US climate envoy John Kerry asks DR Congo to ditch some oil blocks

John KErry

US Senator John Kerry (centre), special envoy of the President of the United States delivers his speech during the Conference of African Ministers on the Environment in Dakar on September 15, 2022.

Photo credit: AFP

United States Climate Envoy John Kerry on Tuesday said Washington had asked the Democratic Republic of Congo to abandon some oil blocks that it put up for auction in sensitive environmental areas.

The DRC's government launched bids for 30 oil and gas blocks in the impoverished central African nation in July.

But the move was controversial, drawing criticism from green groups which warned that drilling in the Congo Basin's rain-forests and peat-lands could release vast amounts of heat-trapping gas.

Speaking to reporters at the pre-COP27 climate talks in Kinshasa, Kerry said the United States had asked the DRC's government to "withdraw some tracts to protect the forest".

The former US secretary of state also said there was a way to provide employment and economic development without putting sensitive environmental areas such as "really critical peatlands" at risk.

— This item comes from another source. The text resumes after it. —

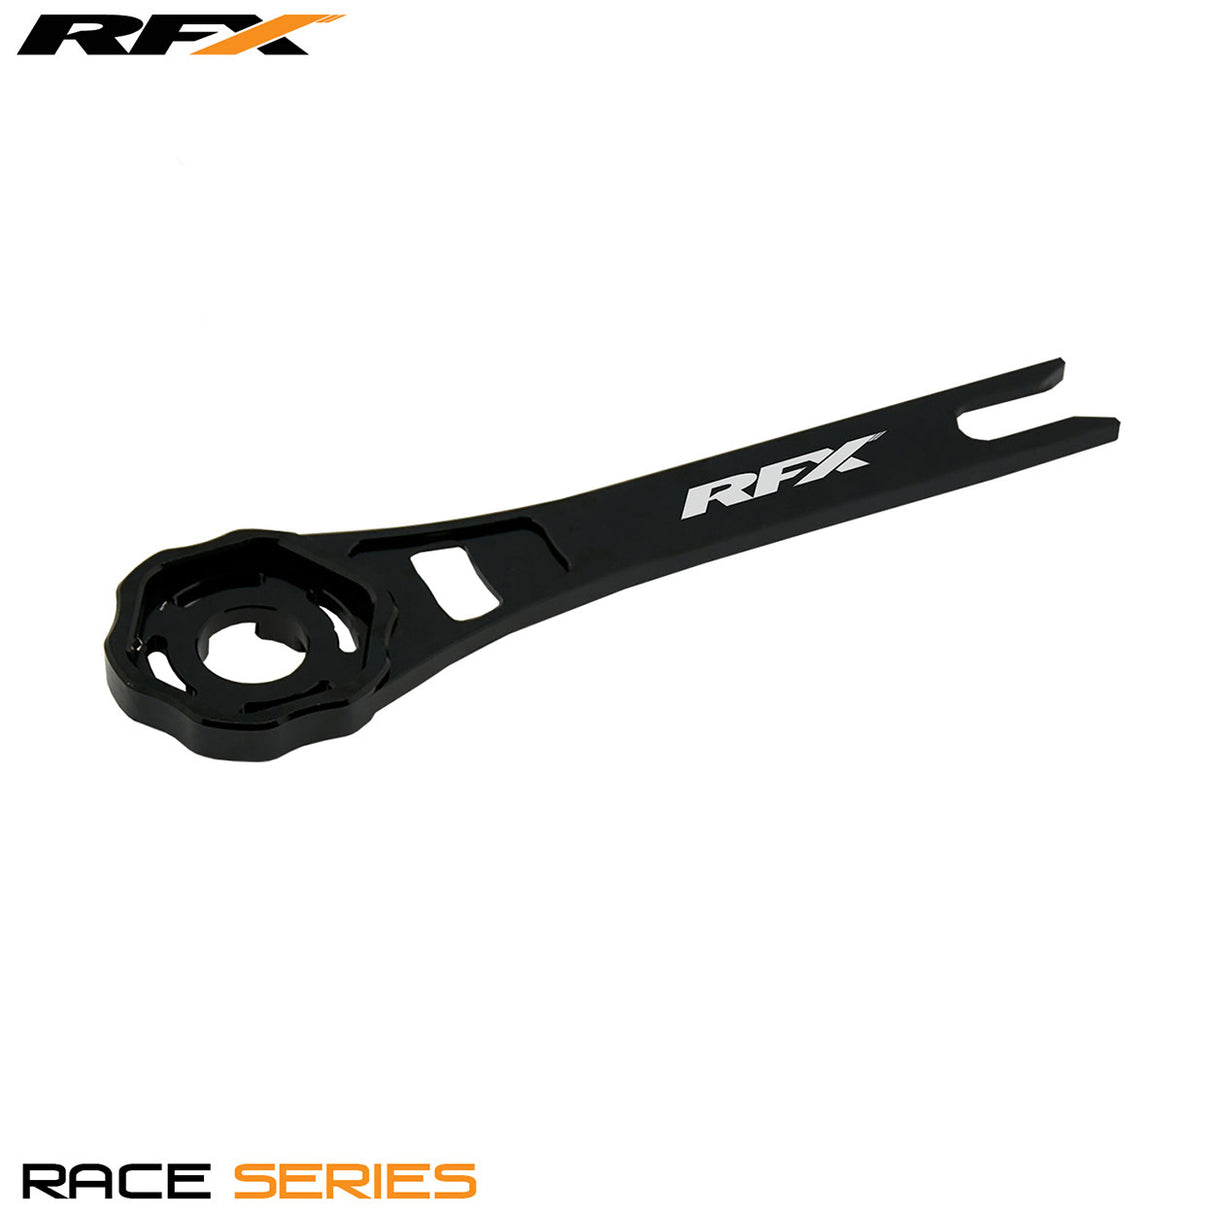 RFX Race Series Combination Fork Tool KTM Cartridge Forks SX/SXF 07-16 (Not EXC or 4CS)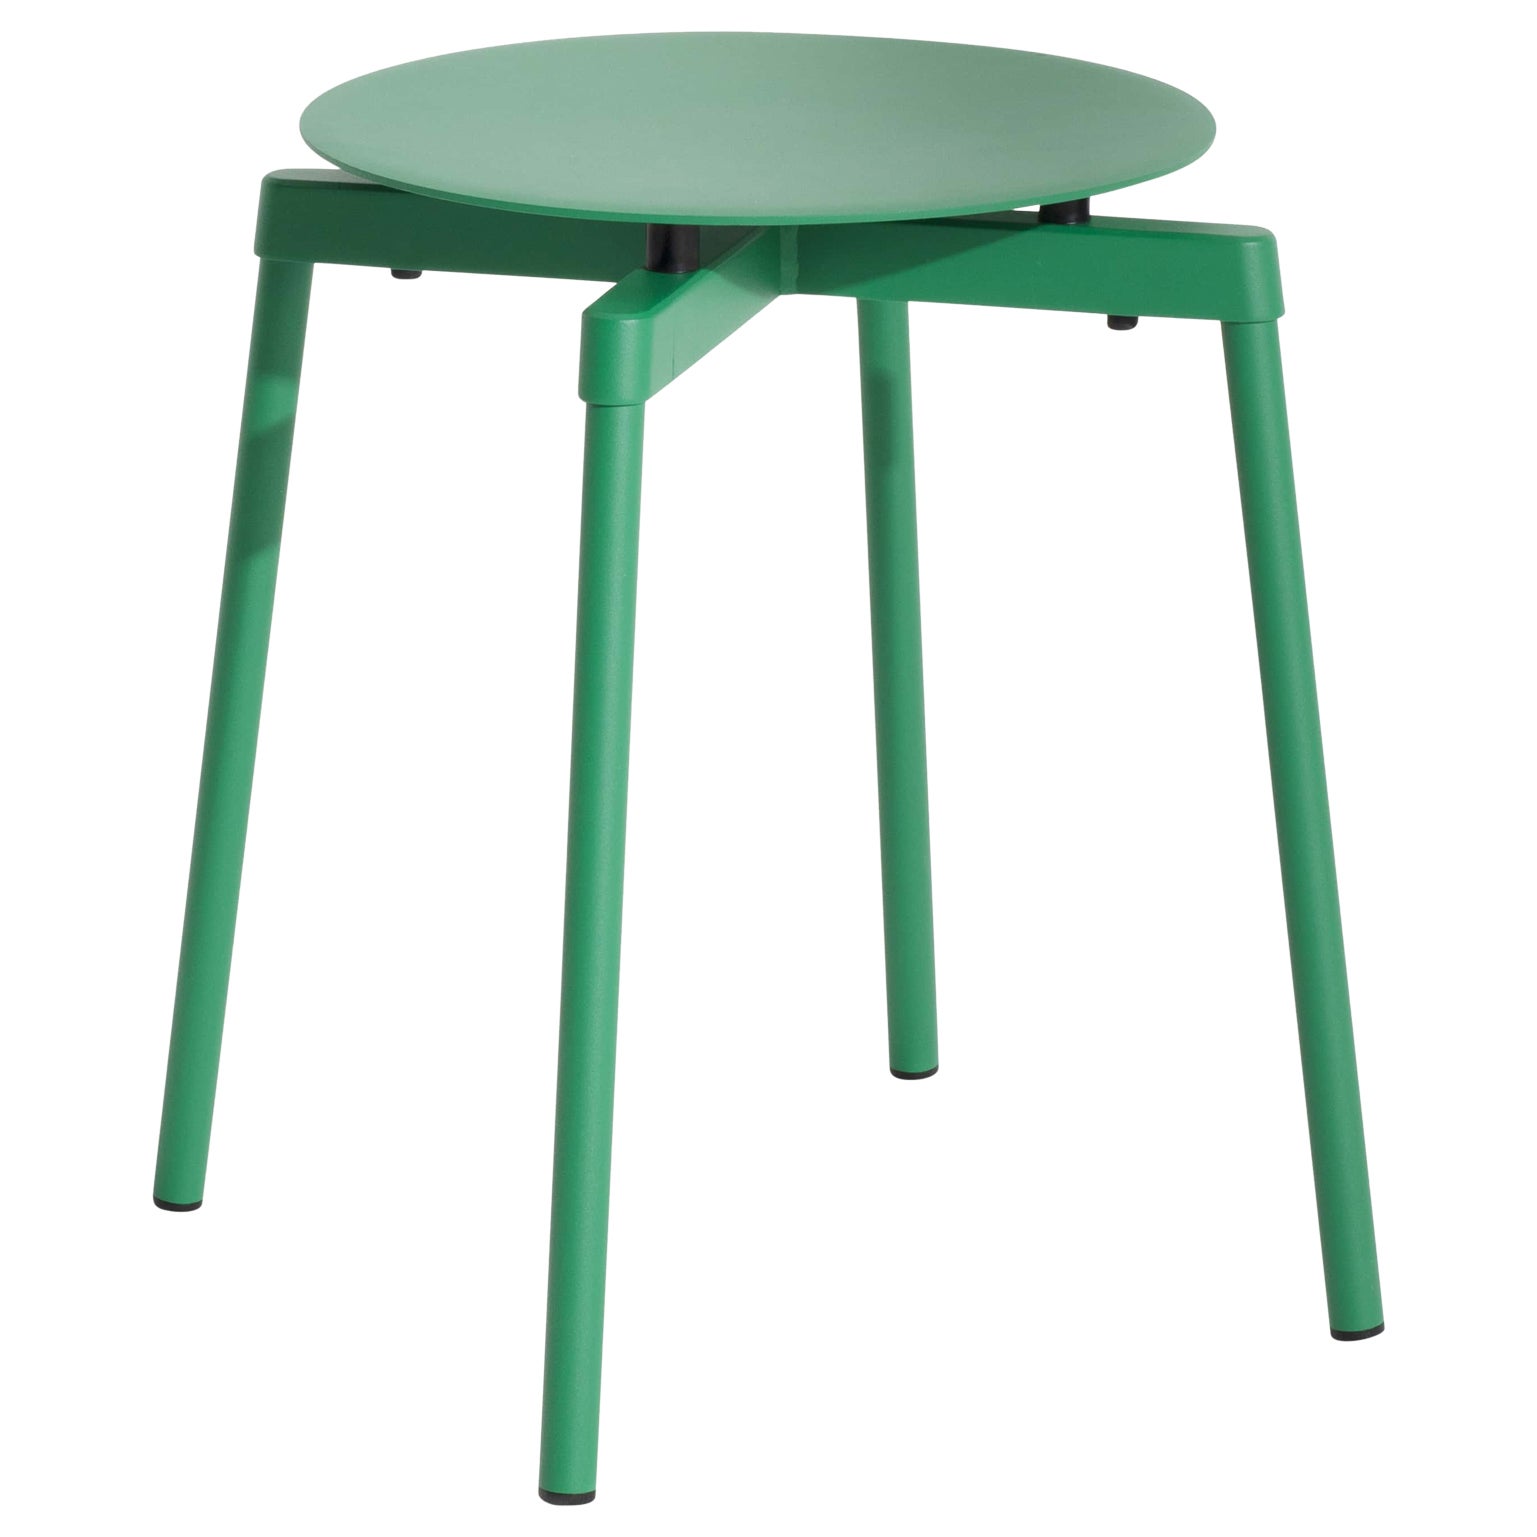 Petite Friture Fromme Stool in Mint-Green Aluminium by Tom Chung, 2020 For Sale

"We want to balance," Kerry said, adding that he was due to meet Congolese President Felix Tshisekedi to discuss the issue later today.

Scientists have sounded several warnings about the DRC's peatlands, which comprise an area about the size of England.

Around 30 billion tonnes of carbon are stored across the entirety of the Congo Basin, researchers estimated in a study in Nature in 2016. The figure is roughly equivalent to three years of global emissions.

The Congolese government has maintained that exploiting its oil and gas resources is an economic necessity that could help its citizens.

Some three-quarters of the Congolese population live on less than $1.9 a day, according to World Bank figures, despite the DRC enjoying huge reserves of minerals, ranging from gold and copper to cobalt.

Addressing delegates at the pre-COP27 opening ceremony on Monday, Congolese environment minister Eve Bazaiba asked if the government should let children die rather than profit from its fossil resources.

"As much as we need oxygen, we also need bread," she said.